__Your task__. Could you copy exactly the lines below, beginning at the line with "Crucifix Candelabra 01504" and stopping after the line with "Trädgård Grus : Trädgårdstina", with no pictures?

__Input material__.
---*---

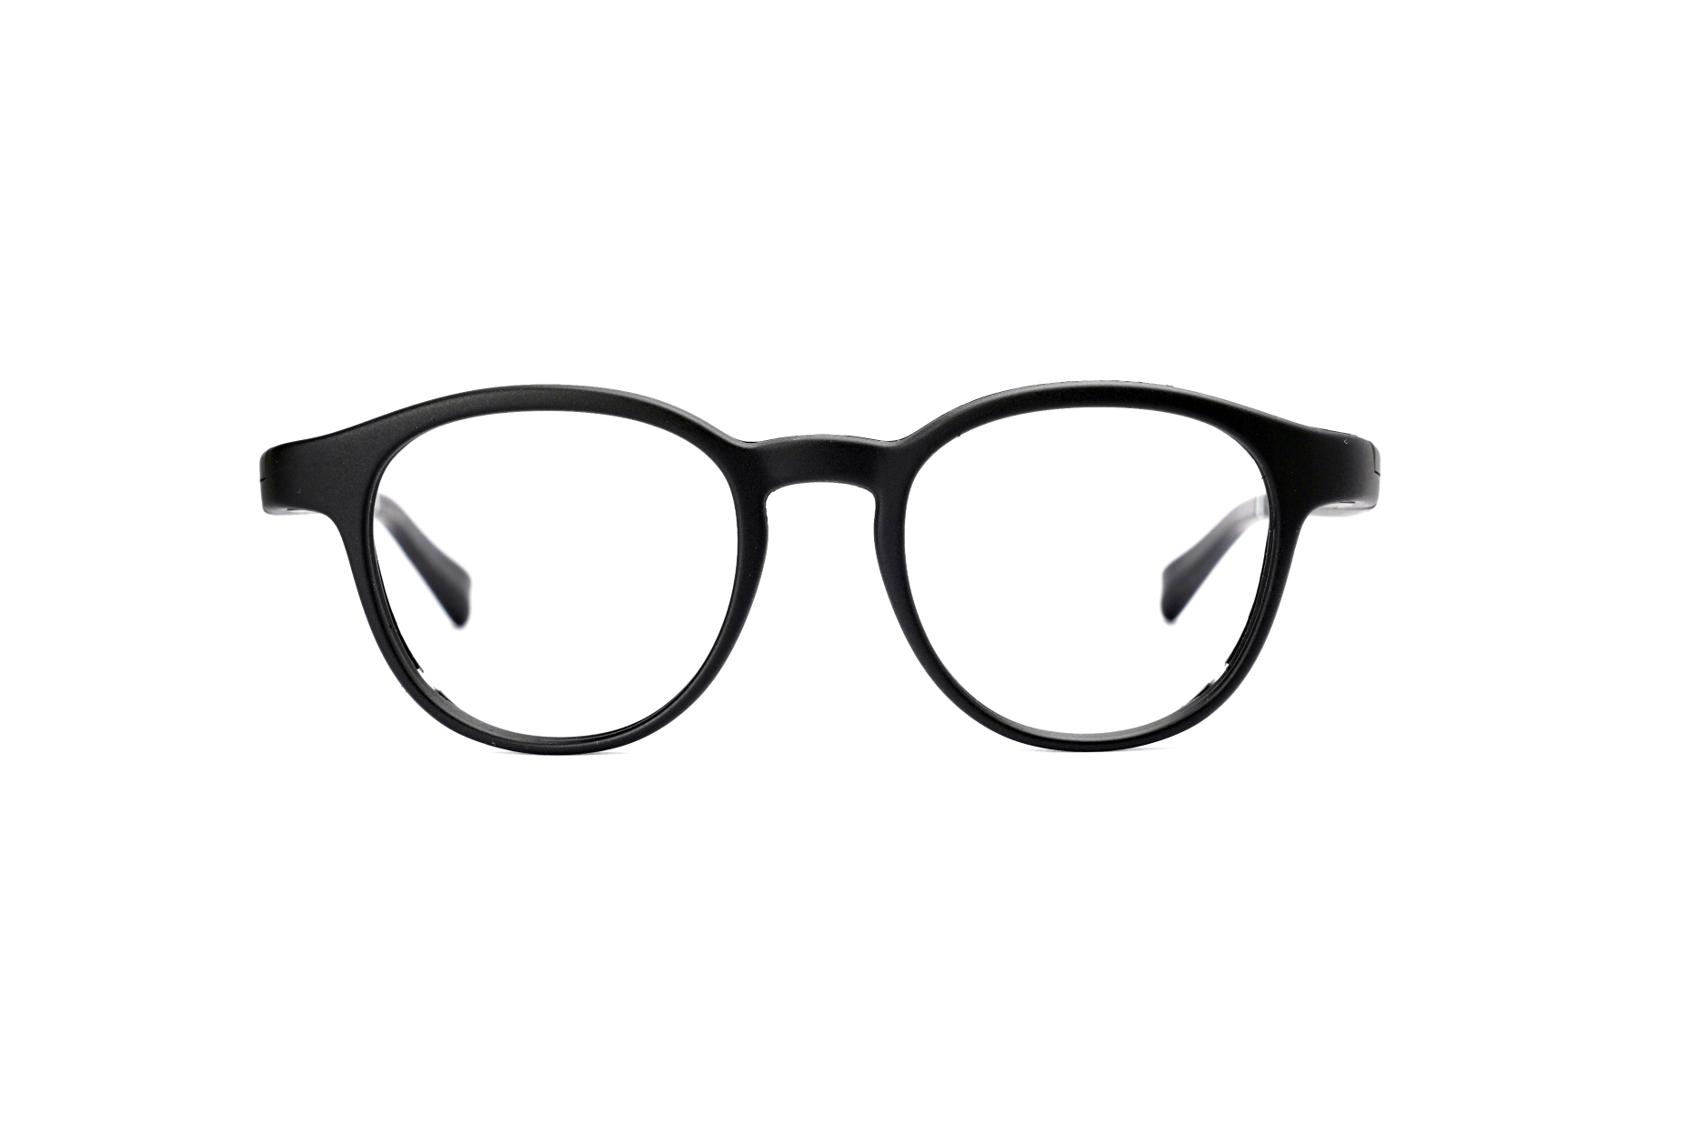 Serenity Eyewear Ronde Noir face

---*---

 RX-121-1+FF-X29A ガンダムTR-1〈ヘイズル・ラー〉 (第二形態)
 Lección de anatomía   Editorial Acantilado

---*---

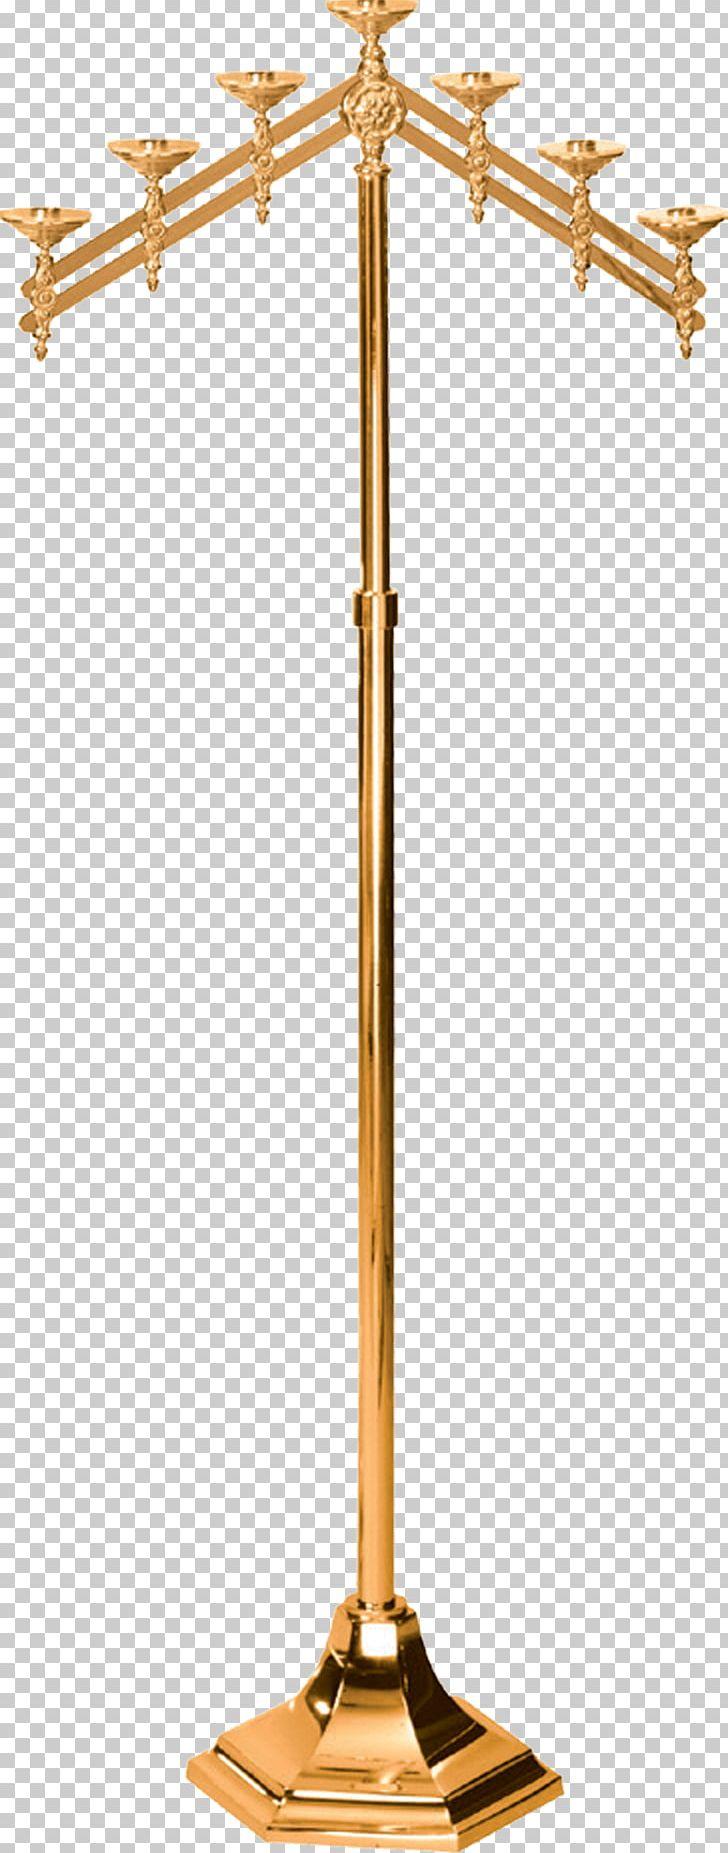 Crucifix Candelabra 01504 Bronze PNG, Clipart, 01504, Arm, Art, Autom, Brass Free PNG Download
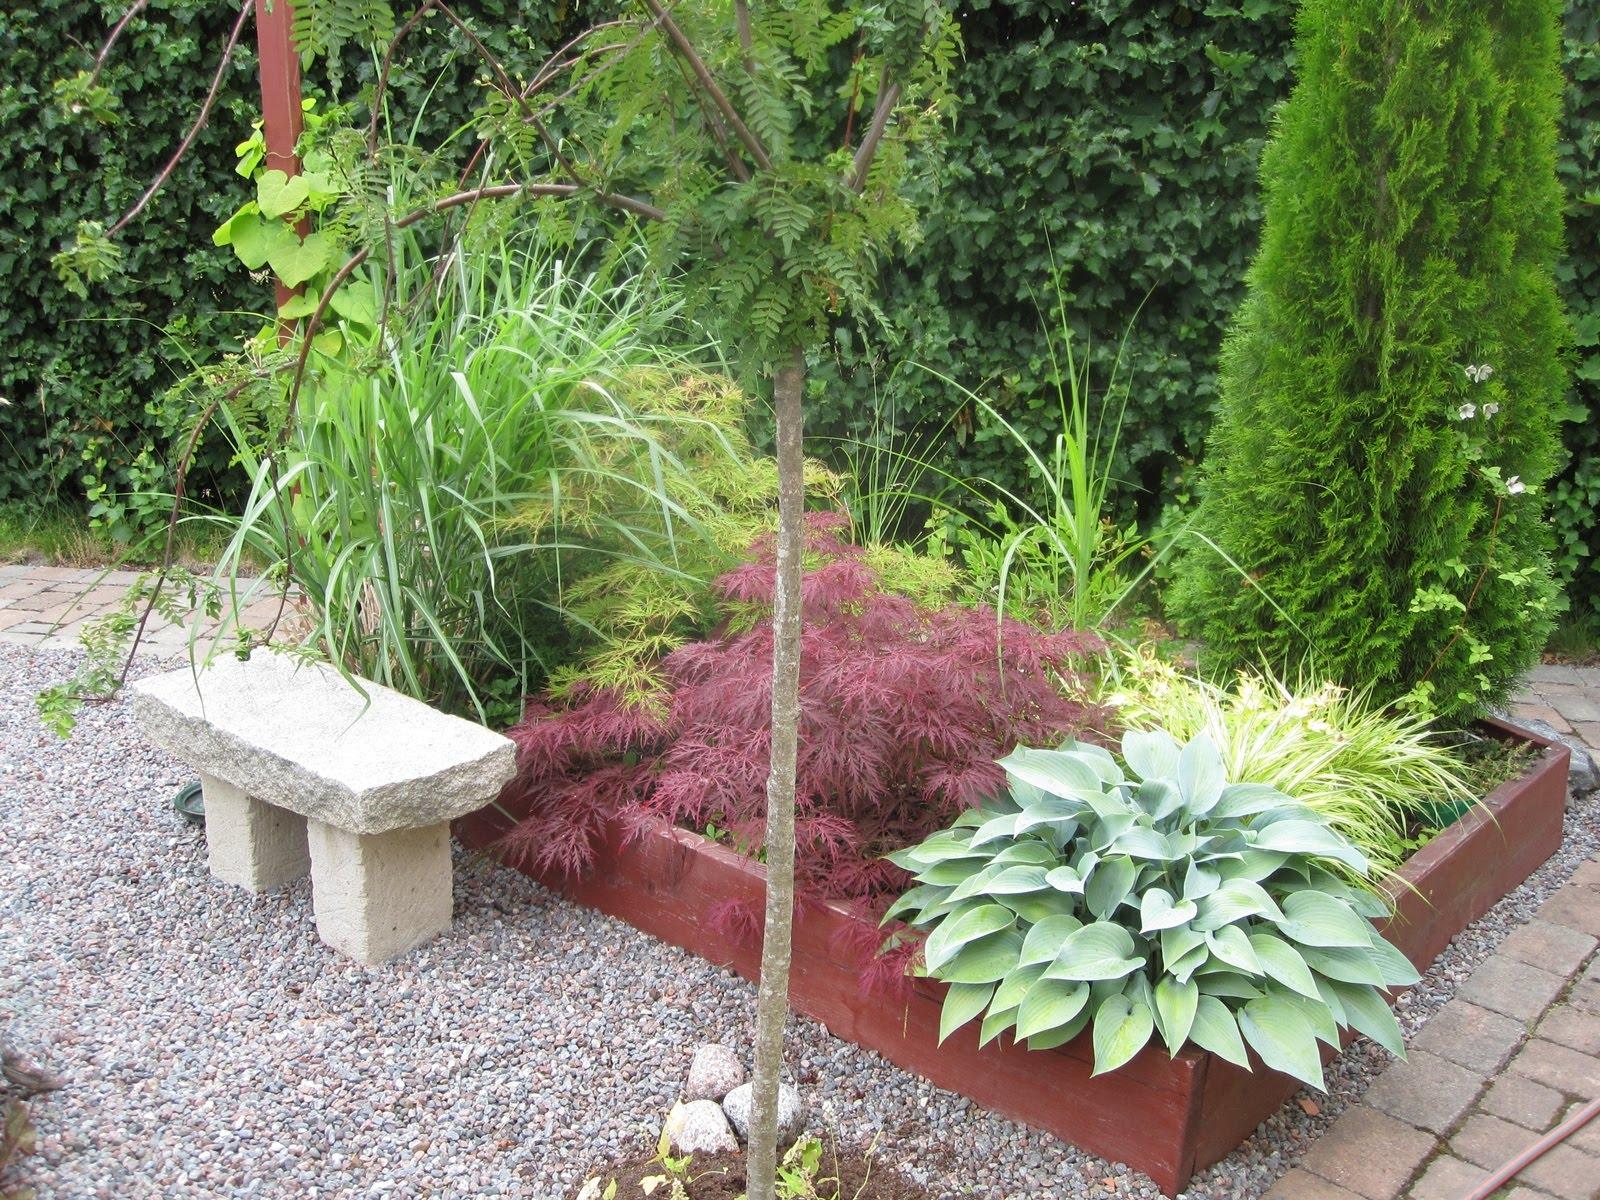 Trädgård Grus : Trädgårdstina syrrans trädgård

---*---

__Reply__.
 Crucifix Candelabra 01504 Bronze PNG, Clipart, 01504, Arm, Art, Autom, Brass Free PNG Download
 Trädgård Grus : Trädgårdstina syrrans trädgård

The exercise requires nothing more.